#!/usr/bin/env python
# coding: utf-8

# [Table of Contents](./table_of_contents.ipynb)

# # H Infinity filter

# In[1]:


get_ipython().run_line_magic('matplotlib', 'inline')


# In[2]:


#format the book
import book_format
book_format.set_style()


# I am still mulling over how to write this chapter. In the meantime, Professor Dan Simon at Cleveland State University has an accessible introduction here:
# 
# http://academic.csuohio.edu/simond/courses/eec641/hinfinity.pdf
# 
# In one sentence the $H_\infty$ (H infinity) filter is like a Kalman filter, but it is robust in the face of non-Gaussian, non-predictable inputs.
# 
# 
# My FilterPy library contains an H-Infinity filter. I've pasted some test code below which implements the filter designed by Simon in the article above.
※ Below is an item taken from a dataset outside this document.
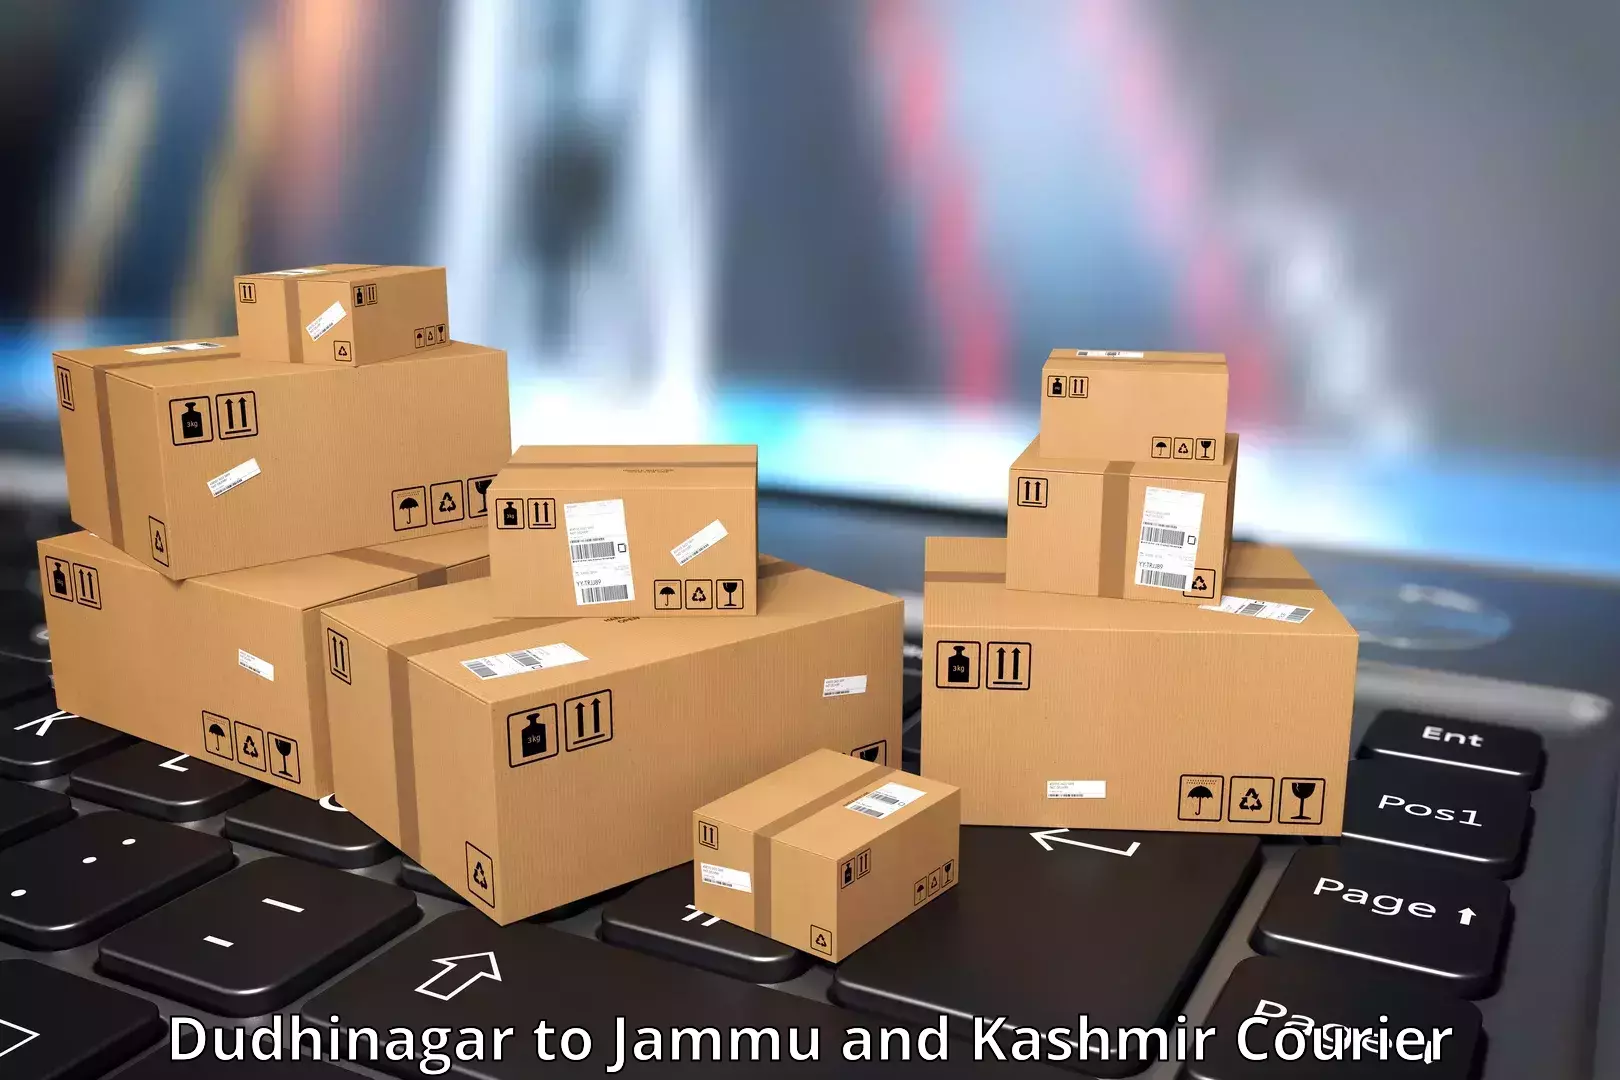 Reliable delivery network Dudhinagar to Jammu and Kashmir

Hope it helps.

# In[1]:


import numpy as np
import matplotlib.pyplot as plt

from filterpy.hinfinity import HInfinityFilter

dt = 0.1
f = HInfinityFilter(2, 1, dim_u=1, gamma=.01)

f.F = np.array([[1., dt],
                [0., 1.]])

f.H = np.array([[0., 1.]])
f.G = np.array([[dt**2 / 2, dt]]).T

f.P = 0.01
f.W = np.array([[0.0003, 0.005],
                [0.0050, 0.100]])/ 1000  #process noise

f.V = 0.01
f.Q = 0.01
u = 1. #acceleration of 1 f/sec**2

xs = []
vs = []

for i in range(1,40):
    f.update (5)
    #print(f.x.T)
    xs.append(f.x[0,0])
    vs.append(f.x[1,0])
    f.predict(u=u)

plt.subplot(211)
plt.plot(xs)
plt.title('position')
plt.subplot(212)
plt.plot(vs) 
plt.title('velocity');